Just to be clear, I don't want the upload based on the current logged in user, but on the user I, as a super-admin, am editing using the edit-user.php page.
Any help would be much appreciated.
I figured it out myself. First the correct code, then an explaination:
// Here we add a new user role, "cliente".
add_role( 'cliente', 'Cliente' );
// These are the filters we need to add in order to modify the default upload path.
add_filter('wp_handle_upload_prefilter', 'my_upload_prefilter');
add_filter('wp_handle_upload', 'my_upload_postfilter');
function my_upload_prefilter( $file ) {
add_filter('upload_dir', 'custom_upload_dir');
return $file;
}
function my_upload_postfilter( $fileinfo ) {
remove_filter('upload_dir', 'custom_upload_dir');
return $fileinfo;
}
function custom_upload_dir( $path ) {
// When uploading, the file gets sent to upload_async.php, so we need to take the referral page in order to be able to get the user_id we need.

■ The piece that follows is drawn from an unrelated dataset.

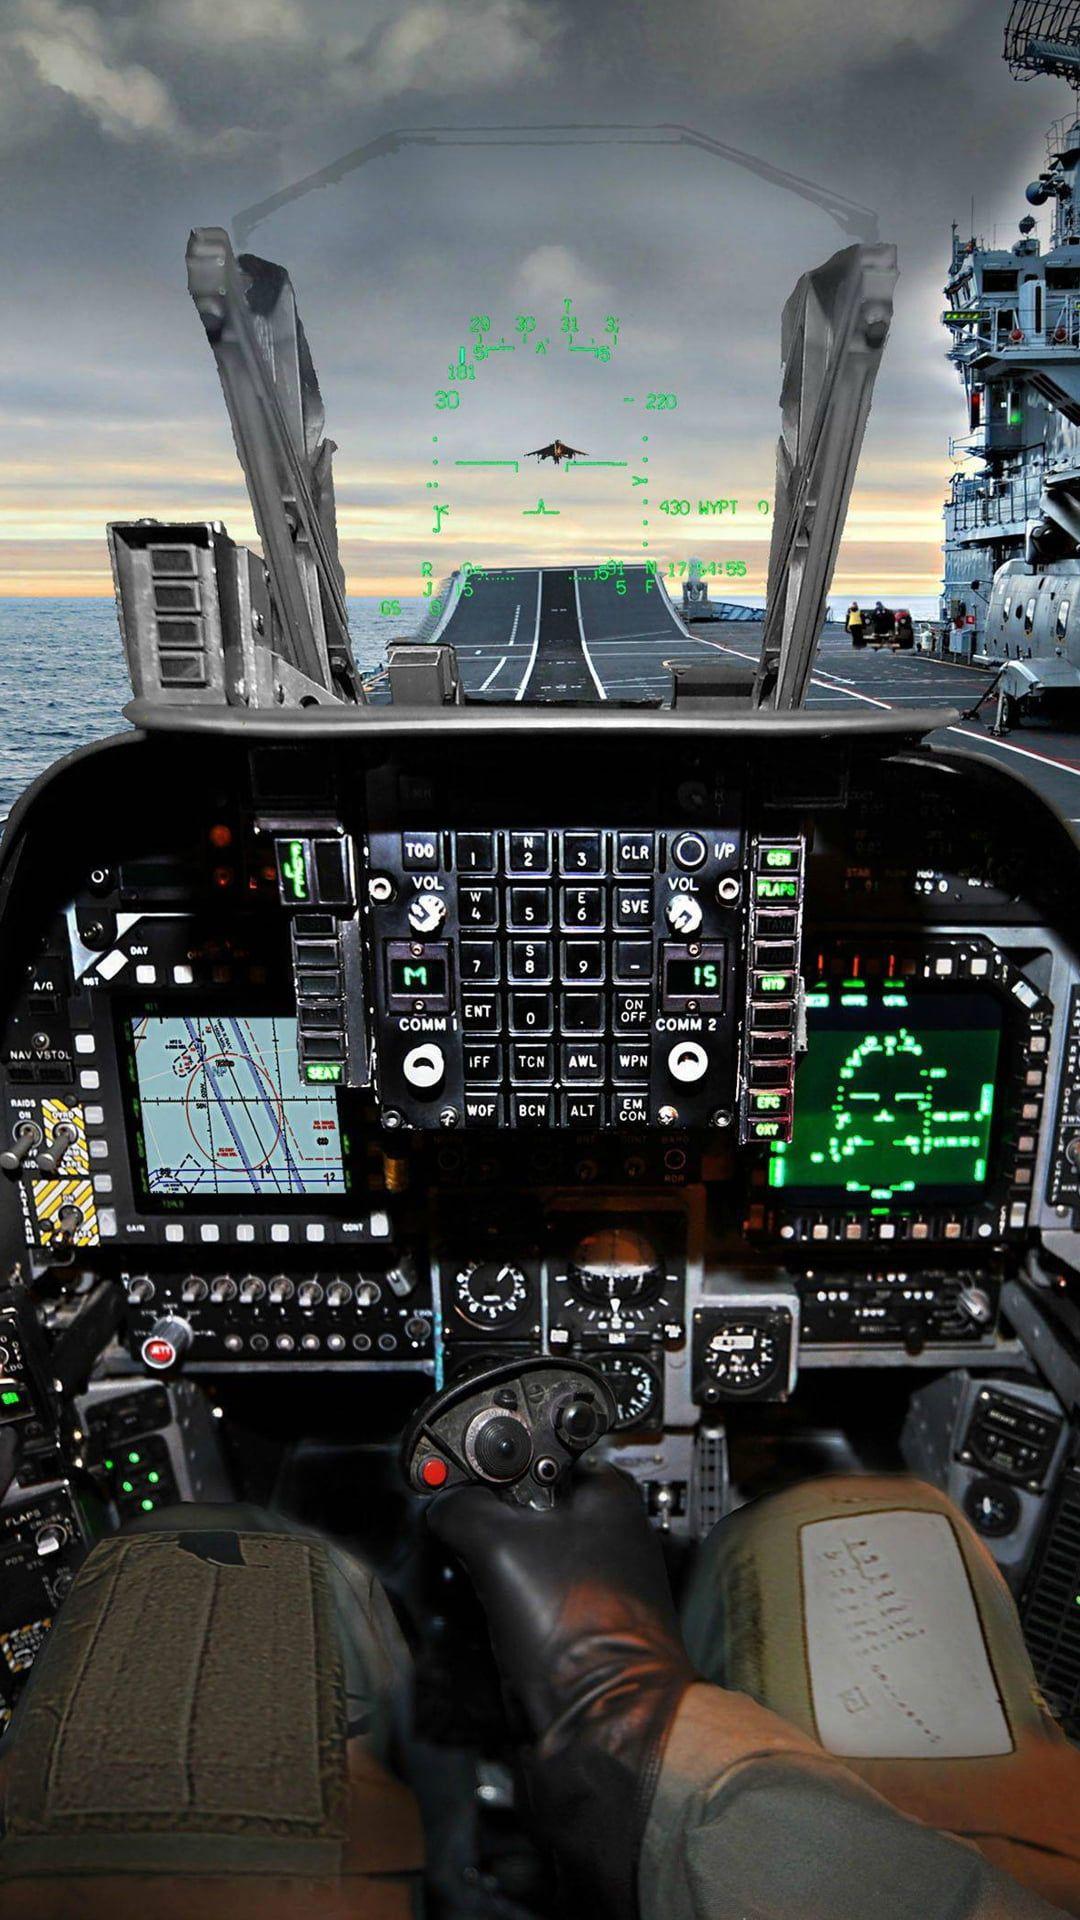 Airplane Cockpit Jet Fighter Pilot Airplane Wallpaper Airplane Fighter

We then take the query string, pass it through parse_str and store it in a $query_array. Took me a while to figure it out, but now it works like a charm.
$actual_page = $_SERVER['HTTP_REFERER'];
parse_str( parse_url($actual_page, PHP_URL_QUERY), $query_array );
// Check if we are uploading from the user-edit.php page.
if ( strpos($actual_page, 'user-edit.php') ) {
// Set the role we want to change the path for.
$role_to_check = 'cliente';
// Get a bunch of user info for later use
$user_id = filter_var( $query_array['user_id'], FILTER_SANITIZE_NUMBER_INT );
$meta = get_user_meta( $user_id );
$roles = unserialize( $meta['wp_capabilities'][0] );
// If we are on the chosen role page, set the $customdir to first_name + last_name
if ( !empty($roles[$role_to_check]) ) {
$customdir = '/docs/' . $meta['first_name'][0] . $meta['last_name'][0];
// If there is any error, just return the $path and abort the rest.
if ( !empty( $path['error'] ) ) {
return $path;
}
// Here we set the new $path with the $customdir set above
$new_subdir = $customdir . $path['subdir'];
$path['path'] = str_replace( $path['subdir'], $new_subdir, $path['path'] );
$path['url'] = str_replace( $path['subdir'], $new_subdir, $path['url'] );
$path['subdir'] = $new_subdir;
return $path;
}
} else {
// We are not uploading from user-edit.php, so go ahead as per default.
return $path;
}
}
The problem was that when uploading via Ajax, $pagenow correctly stores the async-upload.php page, rather than the url we're in. I simply had to retrieve the referral page via php $_SERVER['HTTP_REFERER'] (please, note that the referer typo is there because of a legacy typo in the http spec, funny stuff).
Please also note that the PHP specs discourage the use of HTTP_REFERER because it could yield unexpected results based on server configurations, but in this case I should have full control over the server, so it should not be a problem. If you encounter any issue, I would suggest to check that out.
Once I have the correct url I am able to parse it and check if we are on user-edit.php, if we are, get the user_id from the query string and proceed from there.
Took me a while to figure it out, but in hindsight it was quite easy.
Hope it helps somebody else in the future.